経験のある人から、判断の理由を学ぶ。
仕事をしていると、自分より多くの経験や知識を持つ人に出会うことがあります。
同じ図面を見ても、注意すべき部分へすぐに気づく。
問題が起きたときに、原因の可能性を素早く整理する。
加工、仕上げ、検査、その先の使用まで考えて判断する。
そのような人の仕事を見ると、経験の差を感じることがあります。
(株)アリスでは、その差を自分に足りないものとして落ち込むのではなく、学ぶ機会として捉えることを大切にしています。
結果だけを見ると、「経験があるから分かるのだろう」で終わってしまいます。
しかし、本当に学ぶためには、その人がどこを見て、何を考え、どのような順番で判断したのかを知る必要があります。
なぜ、その寸法を最初に確認したのか。
なぜ、加工を続けずに一度止めたのか。
なぜ、別の材料や工程を提案したのか。
判断の背景を聞くことで、表面からは見えなかった考え方が分かります。
ものづくりの技術は、設備の操作方法や数値だけで構成されているものではありません。
過去に経験した失敗。
材料ごとの特徴。
加工中に現れる小さな変化。
後工程で起こりやすい問題。
多くの経験が結びつき、一つの判断として表れています。
その考え方を観察し、自分の仕事でも試してみることで、少しずつ判断できる範囲が広がります。
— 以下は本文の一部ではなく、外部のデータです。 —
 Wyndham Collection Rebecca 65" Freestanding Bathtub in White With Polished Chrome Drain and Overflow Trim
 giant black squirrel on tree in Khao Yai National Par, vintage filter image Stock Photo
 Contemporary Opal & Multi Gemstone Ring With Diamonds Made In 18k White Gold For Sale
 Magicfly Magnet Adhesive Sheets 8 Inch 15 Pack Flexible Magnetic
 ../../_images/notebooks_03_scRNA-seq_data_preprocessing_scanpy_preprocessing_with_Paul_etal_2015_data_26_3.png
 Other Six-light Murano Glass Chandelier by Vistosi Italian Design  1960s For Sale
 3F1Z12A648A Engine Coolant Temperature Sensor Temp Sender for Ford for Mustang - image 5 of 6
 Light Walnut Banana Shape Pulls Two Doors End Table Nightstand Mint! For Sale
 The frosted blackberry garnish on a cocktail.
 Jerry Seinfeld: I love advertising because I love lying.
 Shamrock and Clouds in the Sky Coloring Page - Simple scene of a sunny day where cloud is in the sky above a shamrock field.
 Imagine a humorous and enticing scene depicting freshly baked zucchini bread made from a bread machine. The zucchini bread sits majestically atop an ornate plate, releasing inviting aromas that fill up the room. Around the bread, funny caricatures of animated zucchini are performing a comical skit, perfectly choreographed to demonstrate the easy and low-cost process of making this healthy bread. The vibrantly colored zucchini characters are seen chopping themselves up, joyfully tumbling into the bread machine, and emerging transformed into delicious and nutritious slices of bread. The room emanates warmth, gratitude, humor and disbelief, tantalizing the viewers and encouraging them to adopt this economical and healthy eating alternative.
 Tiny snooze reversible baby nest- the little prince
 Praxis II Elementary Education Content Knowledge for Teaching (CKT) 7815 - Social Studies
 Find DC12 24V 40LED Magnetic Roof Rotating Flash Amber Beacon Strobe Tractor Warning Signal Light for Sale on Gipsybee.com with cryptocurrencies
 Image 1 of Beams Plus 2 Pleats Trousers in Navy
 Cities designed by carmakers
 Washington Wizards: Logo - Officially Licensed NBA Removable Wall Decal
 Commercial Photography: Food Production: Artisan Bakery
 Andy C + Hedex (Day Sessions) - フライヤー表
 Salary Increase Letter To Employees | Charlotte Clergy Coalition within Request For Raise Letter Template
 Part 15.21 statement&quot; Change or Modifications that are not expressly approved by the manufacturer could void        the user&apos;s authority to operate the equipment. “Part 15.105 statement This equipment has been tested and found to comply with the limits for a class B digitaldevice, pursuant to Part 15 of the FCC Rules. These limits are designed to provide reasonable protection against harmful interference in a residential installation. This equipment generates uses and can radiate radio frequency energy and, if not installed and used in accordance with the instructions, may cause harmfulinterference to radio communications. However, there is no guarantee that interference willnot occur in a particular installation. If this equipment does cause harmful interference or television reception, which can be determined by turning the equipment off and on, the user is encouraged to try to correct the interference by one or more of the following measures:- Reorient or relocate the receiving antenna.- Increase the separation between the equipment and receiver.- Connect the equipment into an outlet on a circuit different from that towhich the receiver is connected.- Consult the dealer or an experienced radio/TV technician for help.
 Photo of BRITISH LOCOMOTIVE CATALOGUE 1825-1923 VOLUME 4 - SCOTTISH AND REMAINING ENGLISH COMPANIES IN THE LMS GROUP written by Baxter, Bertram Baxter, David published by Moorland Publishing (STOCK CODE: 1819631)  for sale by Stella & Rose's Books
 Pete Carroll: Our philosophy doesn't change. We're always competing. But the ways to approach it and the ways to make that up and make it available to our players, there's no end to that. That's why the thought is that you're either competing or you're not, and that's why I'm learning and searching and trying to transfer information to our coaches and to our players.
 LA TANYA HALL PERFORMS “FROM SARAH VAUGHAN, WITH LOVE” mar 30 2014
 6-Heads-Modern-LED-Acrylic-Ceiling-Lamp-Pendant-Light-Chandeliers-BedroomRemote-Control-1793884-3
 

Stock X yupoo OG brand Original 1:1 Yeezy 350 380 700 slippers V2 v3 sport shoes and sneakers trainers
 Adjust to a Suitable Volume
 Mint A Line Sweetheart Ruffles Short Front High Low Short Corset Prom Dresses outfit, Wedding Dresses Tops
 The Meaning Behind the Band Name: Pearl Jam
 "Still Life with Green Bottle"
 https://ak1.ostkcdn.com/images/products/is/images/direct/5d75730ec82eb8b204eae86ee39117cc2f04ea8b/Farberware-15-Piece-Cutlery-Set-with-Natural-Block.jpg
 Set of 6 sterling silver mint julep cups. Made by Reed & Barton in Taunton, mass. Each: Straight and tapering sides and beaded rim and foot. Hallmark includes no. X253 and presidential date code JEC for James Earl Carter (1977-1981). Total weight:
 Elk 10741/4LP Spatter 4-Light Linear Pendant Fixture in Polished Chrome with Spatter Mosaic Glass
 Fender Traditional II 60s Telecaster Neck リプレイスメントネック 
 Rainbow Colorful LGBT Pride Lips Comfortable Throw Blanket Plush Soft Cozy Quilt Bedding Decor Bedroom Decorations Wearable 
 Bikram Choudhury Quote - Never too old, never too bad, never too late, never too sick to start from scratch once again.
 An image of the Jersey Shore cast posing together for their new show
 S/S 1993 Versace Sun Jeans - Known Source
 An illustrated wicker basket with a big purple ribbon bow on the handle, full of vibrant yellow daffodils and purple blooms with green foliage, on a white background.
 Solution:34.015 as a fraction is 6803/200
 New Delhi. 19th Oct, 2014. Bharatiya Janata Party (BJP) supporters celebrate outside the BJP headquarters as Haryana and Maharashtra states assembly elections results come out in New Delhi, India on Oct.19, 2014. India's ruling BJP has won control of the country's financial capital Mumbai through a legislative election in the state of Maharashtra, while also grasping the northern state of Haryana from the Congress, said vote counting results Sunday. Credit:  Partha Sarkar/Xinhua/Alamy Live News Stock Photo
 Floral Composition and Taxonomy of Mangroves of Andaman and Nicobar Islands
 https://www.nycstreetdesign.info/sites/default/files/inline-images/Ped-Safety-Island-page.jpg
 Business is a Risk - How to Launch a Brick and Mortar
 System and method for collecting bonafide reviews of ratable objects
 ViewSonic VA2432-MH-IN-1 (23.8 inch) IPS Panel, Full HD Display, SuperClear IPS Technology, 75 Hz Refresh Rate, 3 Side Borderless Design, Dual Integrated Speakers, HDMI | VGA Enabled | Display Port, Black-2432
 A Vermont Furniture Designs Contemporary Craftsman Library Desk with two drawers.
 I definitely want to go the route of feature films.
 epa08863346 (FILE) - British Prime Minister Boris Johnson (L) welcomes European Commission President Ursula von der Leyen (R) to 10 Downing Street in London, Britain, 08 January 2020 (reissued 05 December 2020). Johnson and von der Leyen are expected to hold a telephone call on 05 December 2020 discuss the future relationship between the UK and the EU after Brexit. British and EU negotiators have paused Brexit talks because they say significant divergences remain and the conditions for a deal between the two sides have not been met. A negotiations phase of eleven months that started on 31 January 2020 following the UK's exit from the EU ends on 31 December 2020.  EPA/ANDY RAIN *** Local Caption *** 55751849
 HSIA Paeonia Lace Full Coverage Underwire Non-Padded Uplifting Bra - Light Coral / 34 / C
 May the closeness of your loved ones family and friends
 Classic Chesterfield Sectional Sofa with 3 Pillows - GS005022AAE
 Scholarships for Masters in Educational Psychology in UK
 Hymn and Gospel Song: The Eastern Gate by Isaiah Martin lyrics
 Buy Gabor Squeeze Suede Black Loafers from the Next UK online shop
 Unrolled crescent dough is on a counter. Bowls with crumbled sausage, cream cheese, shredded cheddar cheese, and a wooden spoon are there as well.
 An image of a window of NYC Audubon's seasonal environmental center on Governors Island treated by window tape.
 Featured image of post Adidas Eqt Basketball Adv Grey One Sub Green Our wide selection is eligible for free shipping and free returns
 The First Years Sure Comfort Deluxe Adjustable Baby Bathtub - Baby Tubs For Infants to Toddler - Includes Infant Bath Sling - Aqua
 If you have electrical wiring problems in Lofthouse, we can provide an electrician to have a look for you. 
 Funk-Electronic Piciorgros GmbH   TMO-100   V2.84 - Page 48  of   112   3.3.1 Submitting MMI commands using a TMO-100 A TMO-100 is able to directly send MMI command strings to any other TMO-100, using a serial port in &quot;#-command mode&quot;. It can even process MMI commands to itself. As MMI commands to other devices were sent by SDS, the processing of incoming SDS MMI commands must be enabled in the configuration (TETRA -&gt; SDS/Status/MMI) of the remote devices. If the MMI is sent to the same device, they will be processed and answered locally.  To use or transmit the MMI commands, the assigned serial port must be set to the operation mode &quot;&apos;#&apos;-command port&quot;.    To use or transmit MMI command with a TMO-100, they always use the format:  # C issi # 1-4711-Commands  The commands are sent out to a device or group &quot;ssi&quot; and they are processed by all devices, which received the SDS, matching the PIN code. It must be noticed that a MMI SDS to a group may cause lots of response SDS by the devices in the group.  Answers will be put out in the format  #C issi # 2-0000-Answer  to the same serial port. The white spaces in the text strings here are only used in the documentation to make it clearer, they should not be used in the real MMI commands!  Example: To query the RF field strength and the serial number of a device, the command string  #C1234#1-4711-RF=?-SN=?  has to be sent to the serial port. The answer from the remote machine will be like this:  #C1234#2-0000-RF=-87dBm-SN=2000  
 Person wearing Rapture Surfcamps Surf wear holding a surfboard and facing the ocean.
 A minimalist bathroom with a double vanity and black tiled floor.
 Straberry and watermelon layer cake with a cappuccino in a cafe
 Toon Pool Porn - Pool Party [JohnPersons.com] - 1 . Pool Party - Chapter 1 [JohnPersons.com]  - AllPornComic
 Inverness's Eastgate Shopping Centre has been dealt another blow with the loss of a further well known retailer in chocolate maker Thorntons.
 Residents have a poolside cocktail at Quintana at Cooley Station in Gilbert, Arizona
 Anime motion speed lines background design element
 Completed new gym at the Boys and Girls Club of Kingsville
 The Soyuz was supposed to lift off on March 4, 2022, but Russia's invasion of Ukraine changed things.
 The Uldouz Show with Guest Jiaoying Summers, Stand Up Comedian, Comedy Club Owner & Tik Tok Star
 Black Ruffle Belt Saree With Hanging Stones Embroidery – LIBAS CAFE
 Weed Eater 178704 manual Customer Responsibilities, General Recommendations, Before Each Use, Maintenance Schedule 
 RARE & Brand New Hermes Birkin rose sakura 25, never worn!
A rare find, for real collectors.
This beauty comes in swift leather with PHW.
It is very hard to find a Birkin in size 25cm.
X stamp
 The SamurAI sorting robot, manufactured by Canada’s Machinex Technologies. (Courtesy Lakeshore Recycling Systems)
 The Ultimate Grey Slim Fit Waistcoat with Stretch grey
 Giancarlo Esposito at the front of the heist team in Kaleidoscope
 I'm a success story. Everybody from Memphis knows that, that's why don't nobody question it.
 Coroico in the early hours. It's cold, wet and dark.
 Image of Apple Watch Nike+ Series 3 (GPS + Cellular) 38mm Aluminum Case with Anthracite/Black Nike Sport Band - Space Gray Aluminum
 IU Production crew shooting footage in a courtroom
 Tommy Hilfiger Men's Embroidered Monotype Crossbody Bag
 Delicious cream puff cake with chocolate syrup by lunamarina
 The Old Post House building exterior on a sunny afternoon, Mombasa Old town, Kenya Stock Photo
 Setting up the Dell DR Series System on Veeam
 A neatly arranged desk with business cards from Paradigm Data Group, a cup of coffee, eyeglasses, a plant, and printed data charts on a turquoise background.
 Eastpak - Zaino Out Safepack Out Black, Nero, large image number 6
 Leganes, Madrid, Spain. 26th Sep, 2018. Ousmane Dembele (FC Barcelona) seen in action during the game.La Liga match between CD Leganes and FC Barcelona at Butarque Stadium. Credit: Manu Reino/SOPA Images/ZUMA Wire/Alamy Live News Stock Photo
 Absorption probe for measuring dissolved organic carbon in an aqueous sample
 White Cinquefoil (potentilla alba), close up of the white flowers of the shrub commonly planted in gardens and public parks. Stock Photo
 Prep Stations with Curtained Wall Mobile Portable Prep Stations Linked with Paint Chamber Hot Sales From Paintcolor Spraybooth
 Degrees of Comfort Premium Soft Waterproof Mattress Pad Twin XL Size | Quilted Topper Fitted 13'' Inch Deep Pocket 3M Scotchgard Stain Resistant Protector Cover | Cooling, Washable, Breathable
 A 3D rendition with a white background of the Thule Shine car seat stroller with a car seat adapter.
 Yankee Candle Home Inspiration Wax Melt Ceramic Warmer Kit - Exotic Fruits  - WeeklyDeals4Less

もちろん、経験のある人の方法を、そのまま真似すればよいわけではありません。
材料や形状、設備、求める品質が変われば、同じ方法が適さない場合もあります。
大切なのは、行動だけを覚えるのではなく、なぜその判断になったのかを理解することです。
理由が分かれば、条件の違う仕事にも応用できます。
(株)アリスでは、経験を個人の中だけに残さず、会話や仕事の共有を通じて次へつなげることを大切にしています。
優れた判断に出会ったとき、その結果だけを評価するのではなく、考え方まで学ぶ。
その積み重ねが、一人ひとりの判断力を高め、ものづくり全体の品質につながると考えています。